Son of a Tiger

Son of a tiger

He was facing the stage, arms akimbo with perspiration gradually gluing a purple polo shirt to his back. Oblivious to the hordes of spectators in the cavernous warehouse, the light skinned man bobbed his head and snapped his fingers to the band’s high-energy polyrhythmic melody. Afrobeat prince, Femi Kuti had wandered among the mortals and their plastic furniture to listen to how the music landed when it leaped off the stage.

It was rehearsal night at the New Afrika Shrine (NAS). And just my luck—on the only free day I had to visit the site—this scion of a deity was holding an open practice session.

Femi made his way to the pit in front of the stage, ear cocked towards the podium, arms furiously playing imaginary shakers, feet; two-stepping. He was swimming in the groove.
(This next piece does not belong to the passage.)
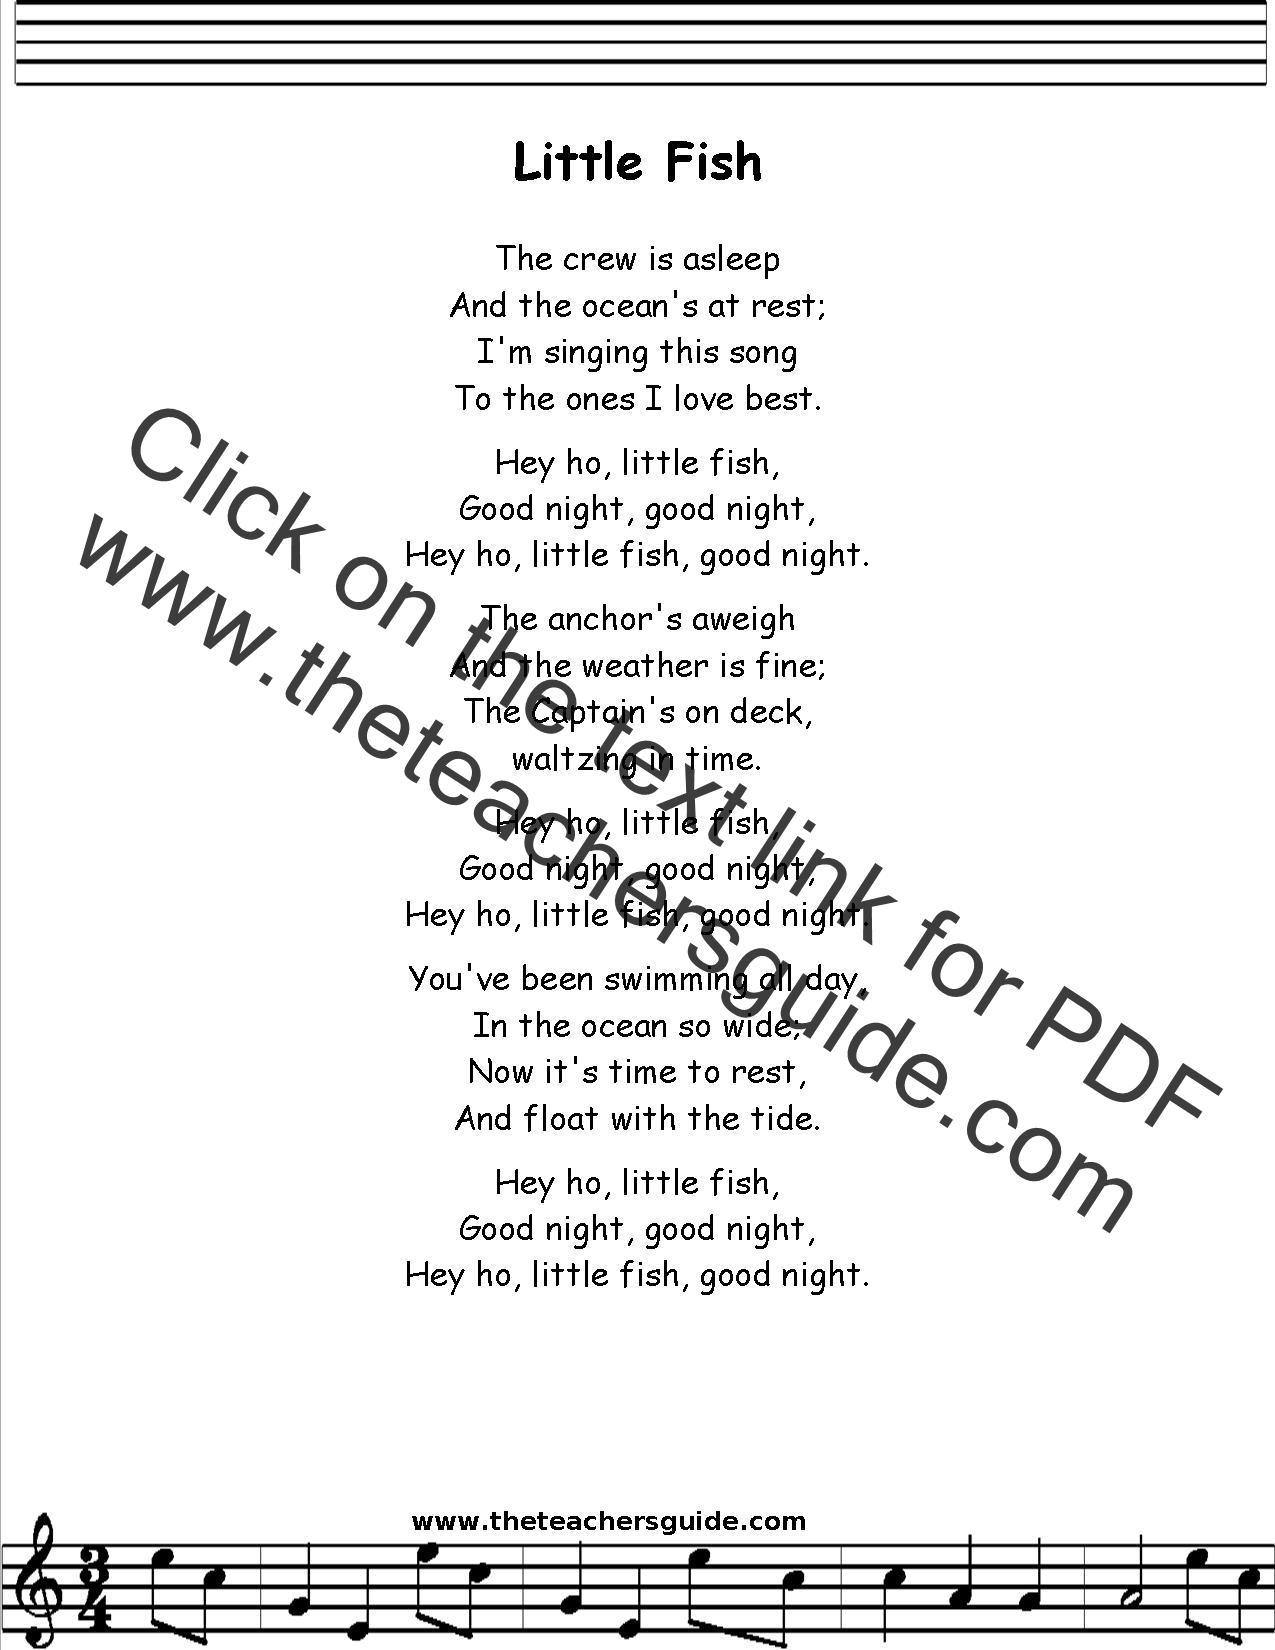 little fish lyrics printout midi and video

That is, until he sharply raised his hand. There was a slacker in the horn section. Bounding back up, he went from brass-to-brass until he found the culprit. A trumpet player couldn’t hold the melody. Its tricky pirouettes, at first a slippery bar of soap in his hands but then; after wide-eyed concentration and Femi’s steady gaze, he grasped it.

Then, with Femi at the keyboard, the band banged out the delicious jam, again, and still, a second, third and fourth time. Welcome na de shrine where rehearsals are not a joke.